Cheung Ka Shing, Lam Lok Ka, Seto Wai Kay, Leung Wai K
Department of Medicine, The University of Hong Kong, Queen Mary Hospital, Hong Kong, China.
Department of Medicine, The University of Hong Kong-Shenzhen Hospital, Shenzhen, China.
Liver Cancer. 2021 Aug 18;10(6):606-614. doi: 10.1159/000518090. eCollection 2021 Nov.
Recent studies suggested that use of antibiotics may interfere with treatment responses to immune checkpoint inhibitors (ICIs).
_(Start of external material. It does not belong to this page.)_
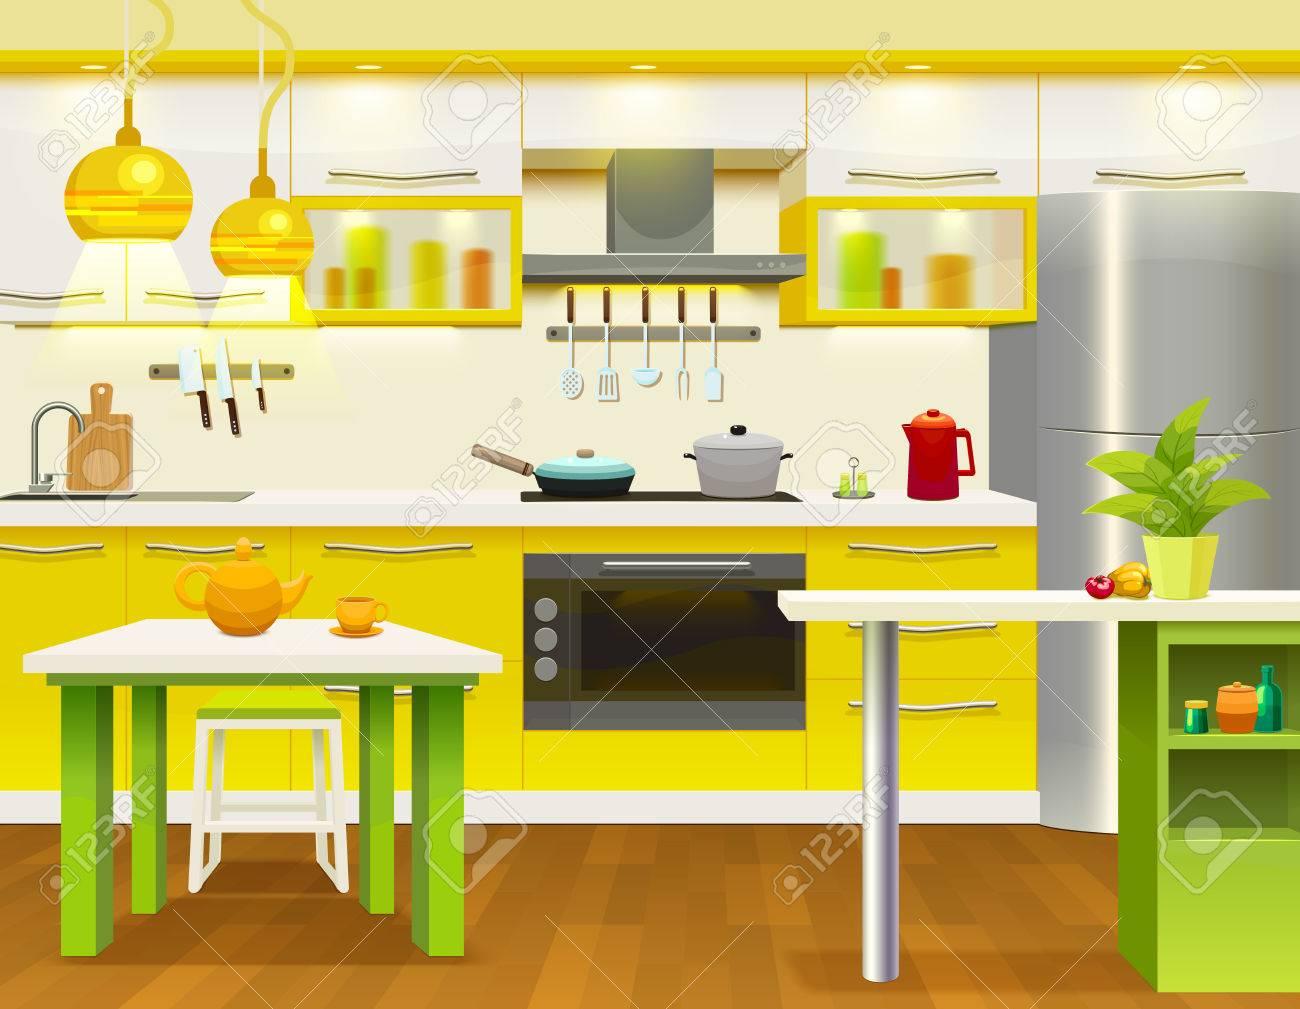 Color Moderno Diseño Interior De La Cocina Con Muebles De Cocina ...

We determined whether concurrent use of antibiotics during ICI therapy was associated with adverse outcomes in patients with advanced hepatocellular carcinoma (HCC).
This is a territory-wide retrospective cohort study including all advanced HCC patients who received ICIs (nivolumab, pembrolizumab, or ipilimumab) between January 2014 and December 2019. Exclusion criteria included prior liver transplantation and use of cabozantinib, regorafenib, or ramucirumab. The exposure of interest was concurrent antibiotic use within 30 days before or after the commencement of ICI. The adjusted hazard ratio (aHR) of cancer-related mortality and all-cause mortality with antibiotic use was derived by propensity score (PS) matching in 1:2 ratio of covariates including baseline characteristics, causes of cirrhosis, Child-Pugh status, prior HCC treatment, comorbidities, concurrent medications, and laboratory results including alpha fetoprotein.
A total of 395 HCC patients who had received ICIs were included. During a median follow-up of 16.5 months (interquartile range [IQR]: 5.6-44.3), there were 286 (72.4%) deaths including 231 cancer-related deaths. The median time from the first ICI to event was 7.7 months (IQR: 4.0-16.8). PS matching of 56 antibiotic users with 99 nonusers showed that concurrent antibiotic use with ICI was associated with higher cancer-related (aHR: 1.66; 95% CI: 1.08-2.54) and all-cause mortality (aHR: 1.63; 95% CI: 1.17-2.28).
Concurrent antibiotic use during immunotherapy was associated with higher mortality in patients with advanced HCC. Further studies should examine the role of gut dysbiosis on responses to ICI.
近期研究表明,使用抗生素可能会干扰免疫检查点抑制剂(ICI)的治疗反应。我们确定了在ICI治疗期间同时使用抗生素是否与晚期肝细胞癌(HCC)患者的不良结局相关。
这是一项全地区性的回顾性队列研究,纳入了2014年1月至2019年12月期间接受ICI(纳武利尤单抗、帕博利珠单抗或伊匹木单抗)治疗的所有晚期HCC患者。排除标准包括既往肝移植以及使用卡博替尼、瑞戈非尼或雷莫西尤单抗。感兴趣的暴露因素是在ICI开始前或开始后30天内同时使用抗生素。通过倾向评分(PS)匹配,以1:2的协变量比例(包括基线特征、肝硬化病因、Child-Pugh分级、既往HCC治疗、合并症、同时使用的药物以及包括甲胎蛋白在内的实验室检查结果)得出使用抗生素时癌症相关死亡率和全因死亡率的调整后风险比(aHR)。
共纳入395例接受ICI治疗的HCC患者。在中位随访16.5个月(四分位间距[IQR]:5.6 - 44.3)期间,有286例(72.4%)死亡,其中231例为癌症相关死亡。从首次使用ICI到事件发生的中位时间为7.7个月(IQR:4.0 - 16.8)。56例抗生素使用者与99例非使用者的PS匹配显示,ICI治疗期间同时使用抗生素与更高的癌症相关死亡率(aHR:1.66;95%CI:1.08 - 2.54)和全因死亡率(aHR:1.63;95%CI:1.17 - 2.28)相关。
免疫治疗期间同时使用抗生素与晚期HCC患者较高的死亡率相关。进一步的研究应探讨肠道微生物群失调在ICI反应中的作用。